When should a buyer use 100G DAC instead of 100G optics?

A buyer should use 100G DAC for short 100G links where copper reach and cable handling work well. DAC can reduce cost, but it may not fit longer paths or dense cable routes.

When does 100G AOC make sense?

100G AOC makes sense when buyers want optical-style reach and easier handling than bulky copper DACs. It can help in dense racks or short-to-mid distance links where separate optics and fiber are not preferred.

Can a 100G QSFP port break out into four 25G links?

Some 100G QSFP ports can support breakout into four 25G links, but buyers must verify switch support, port configuration, cable type, and software behavior before ordering breakout cables.

Is the Arista 7170 right for normal leaf-spine switching?
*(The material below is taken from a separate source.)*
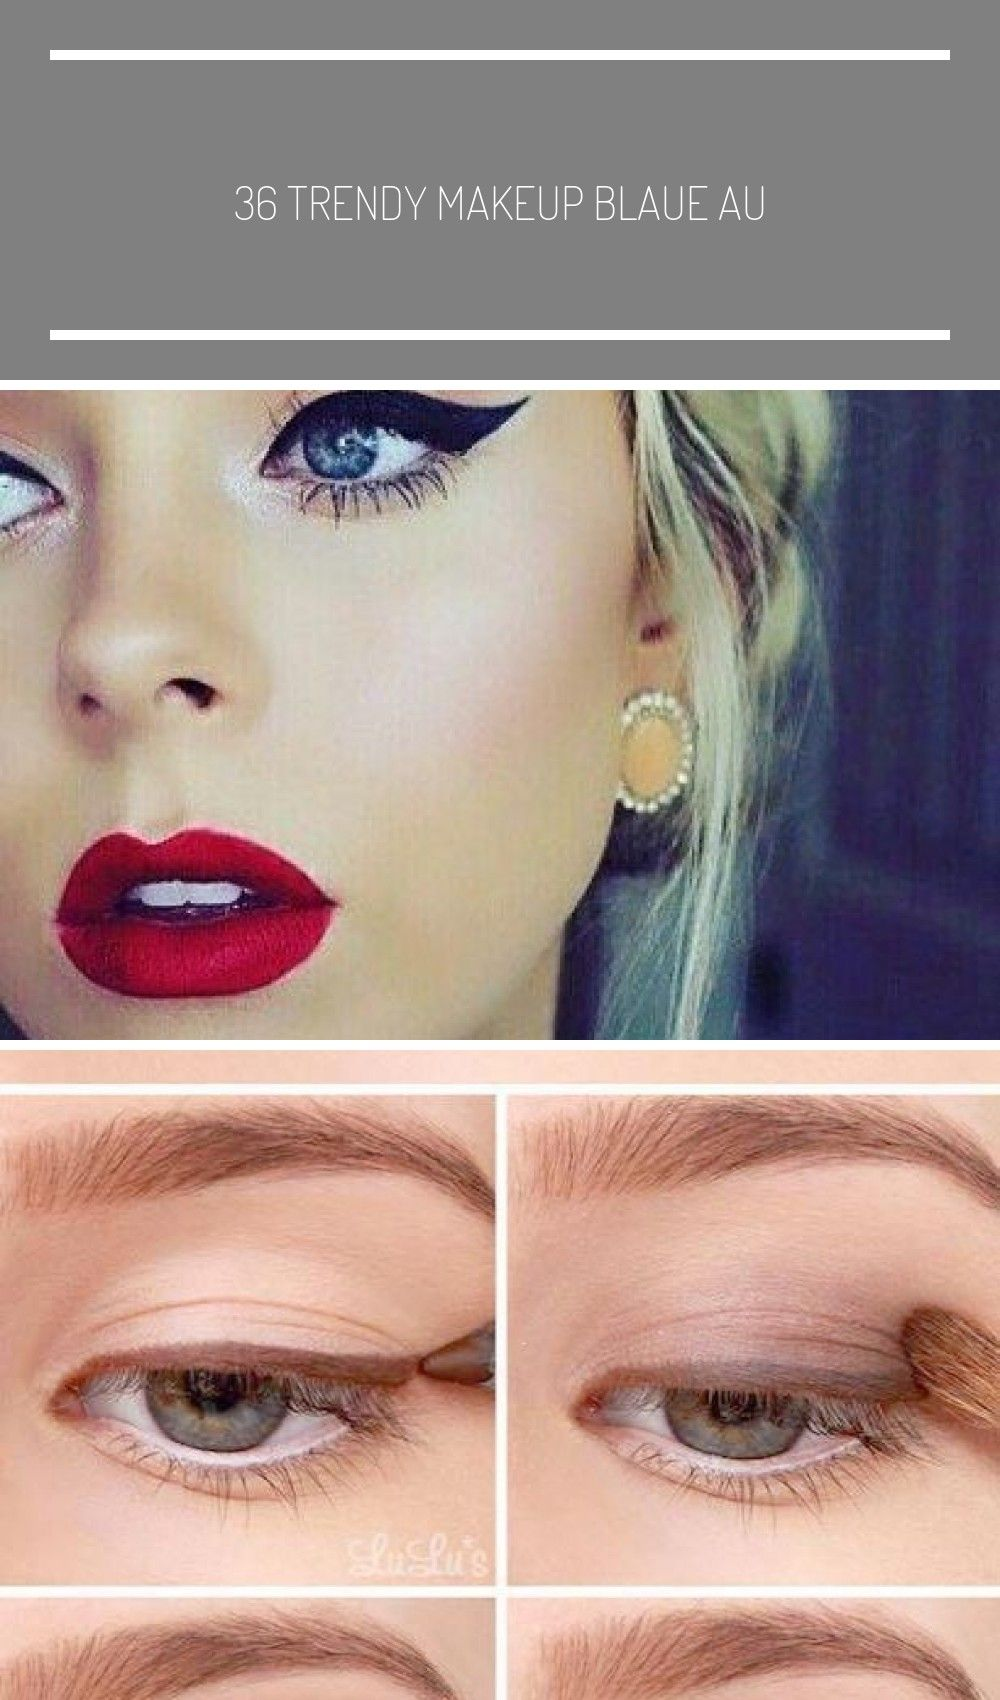 36 Trendy Makeup Blaue Augen Blondes Haar Rote Lippen Lippenstifte - ... - up for blue eyes blonde
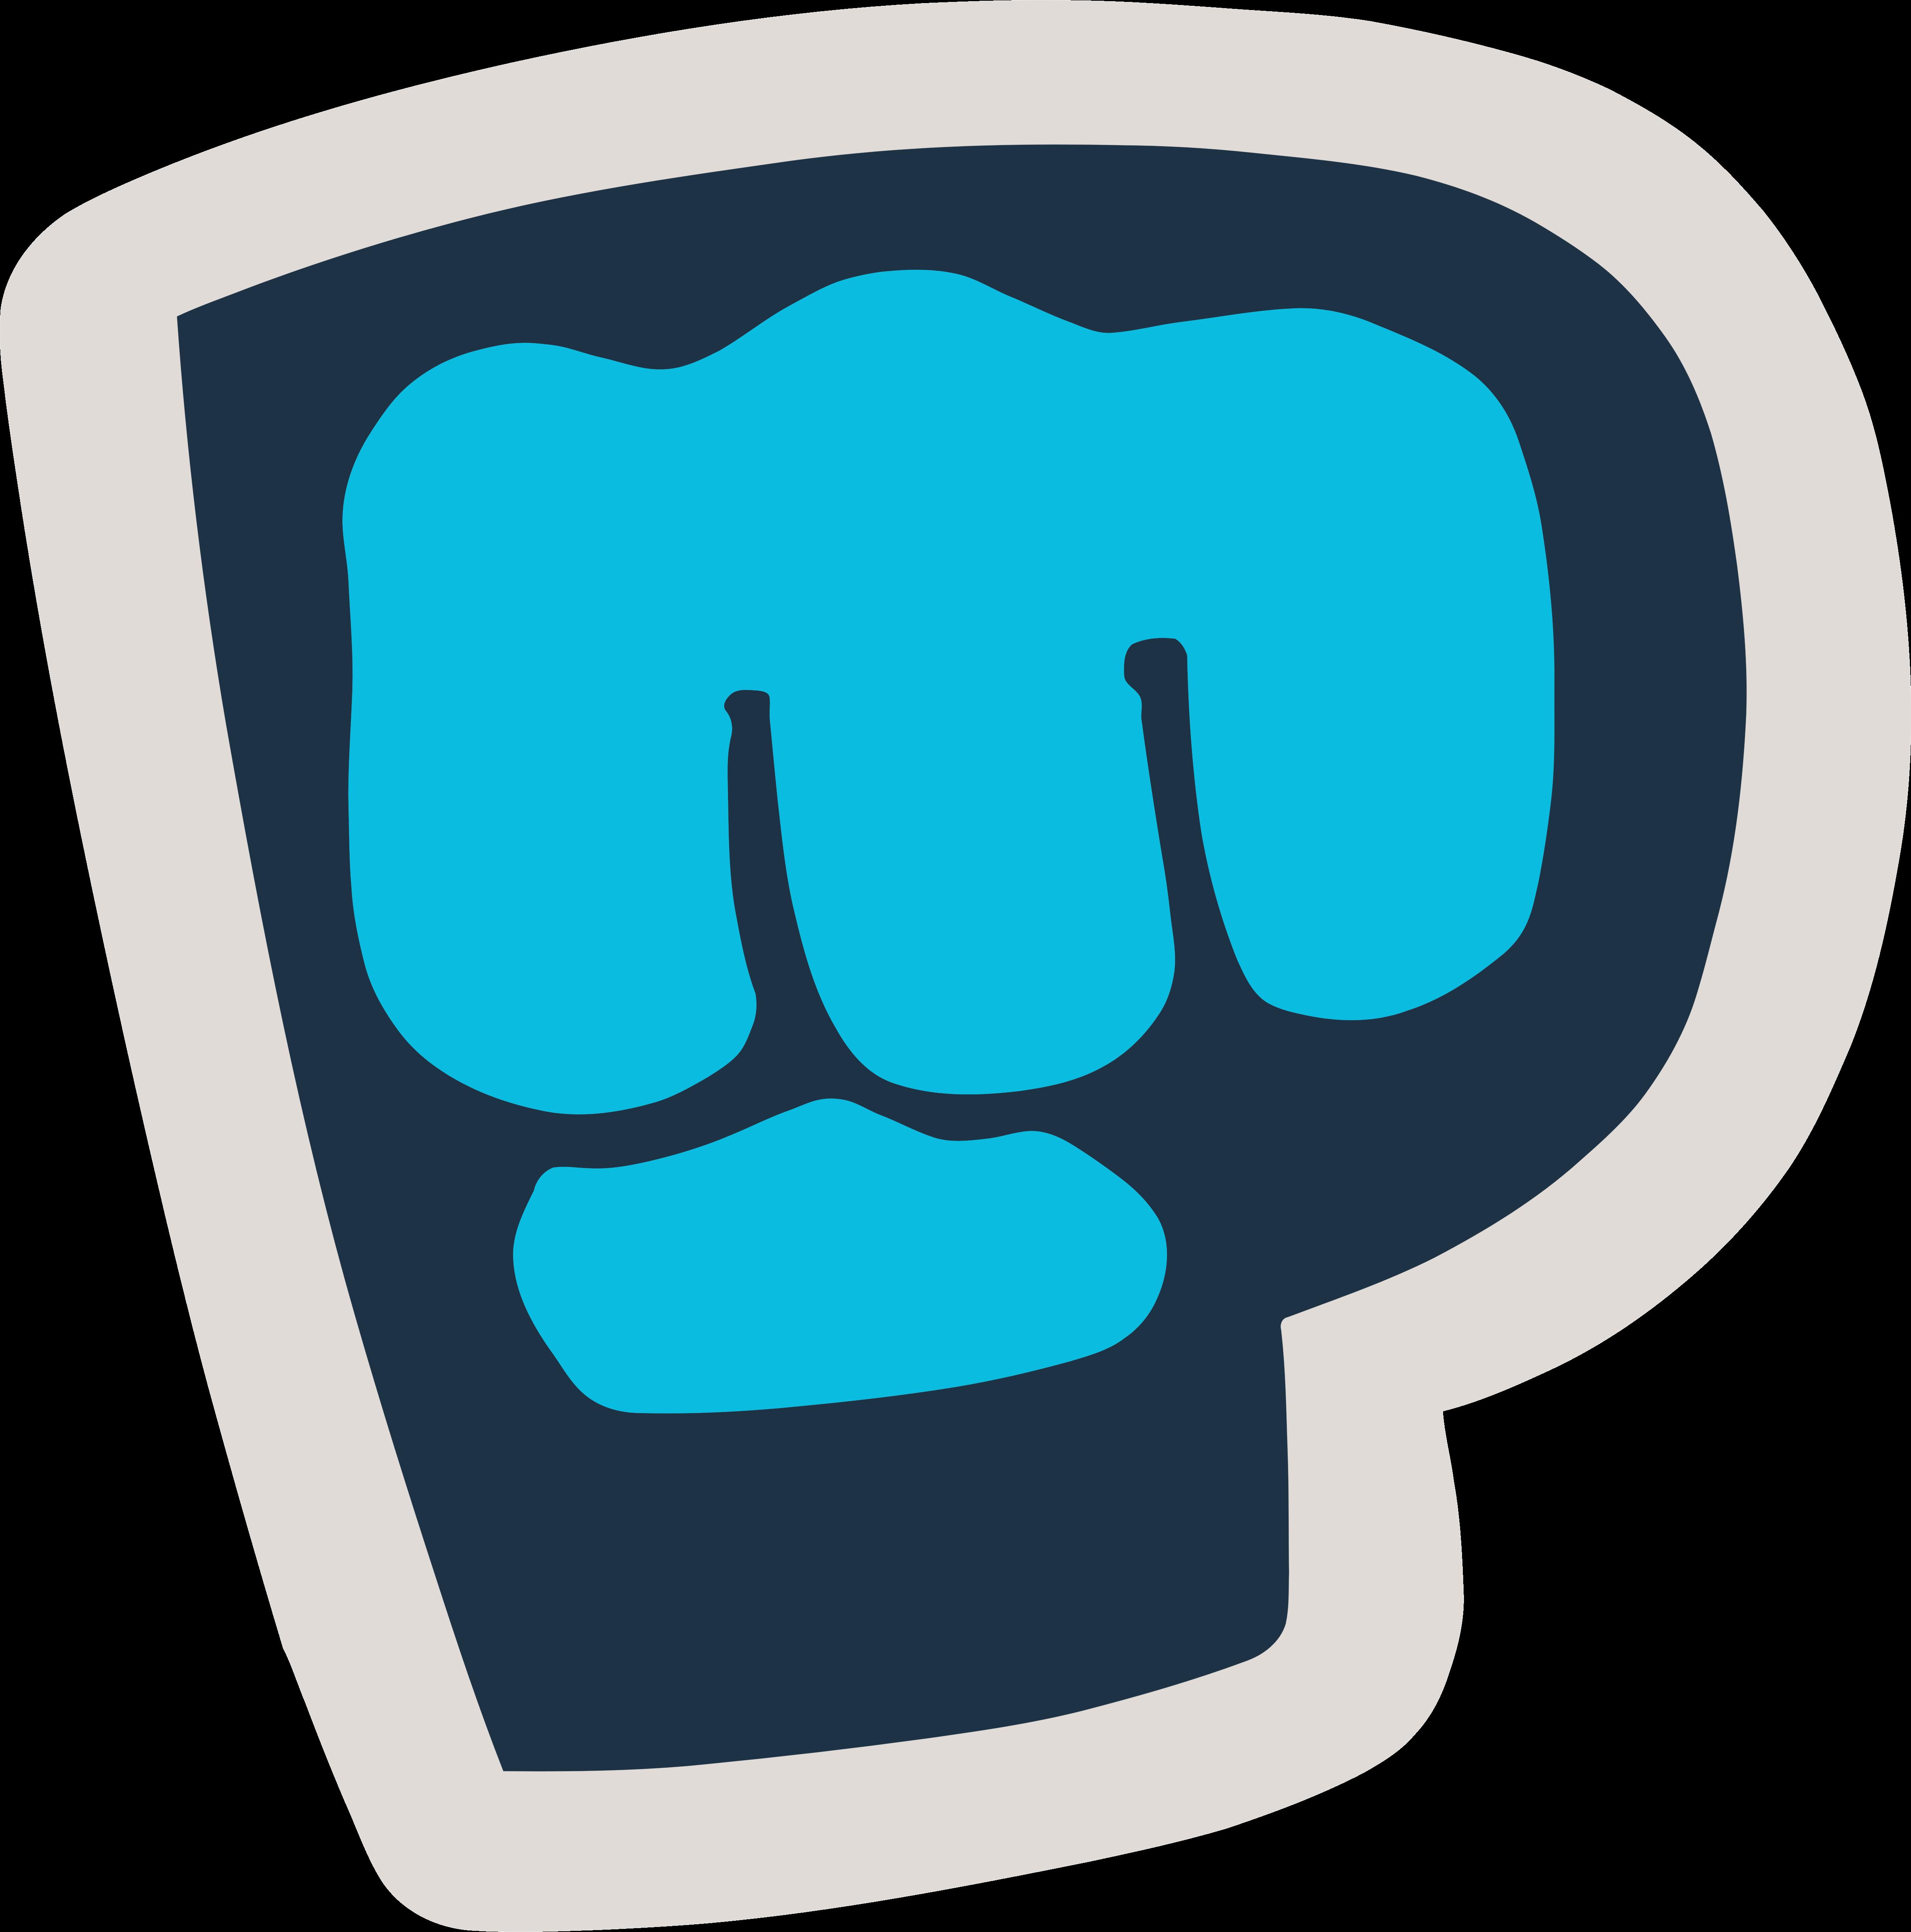 YouTube PewDiePie Logo Design

Usually, no. The Arista 7170 is better for programmable 100G switching and specialized packet processing. Standard leaf-spine networks often fit better on 7050 or 7060 platforms.

What should buyers check before buying refurbished Arista switches?

Buyers should check port count, airflow, power supplies, fans, software needs, optics compatibility, testing status, warranty terms, and available spares. They should also confirm the full bundle, not only the switch chassis.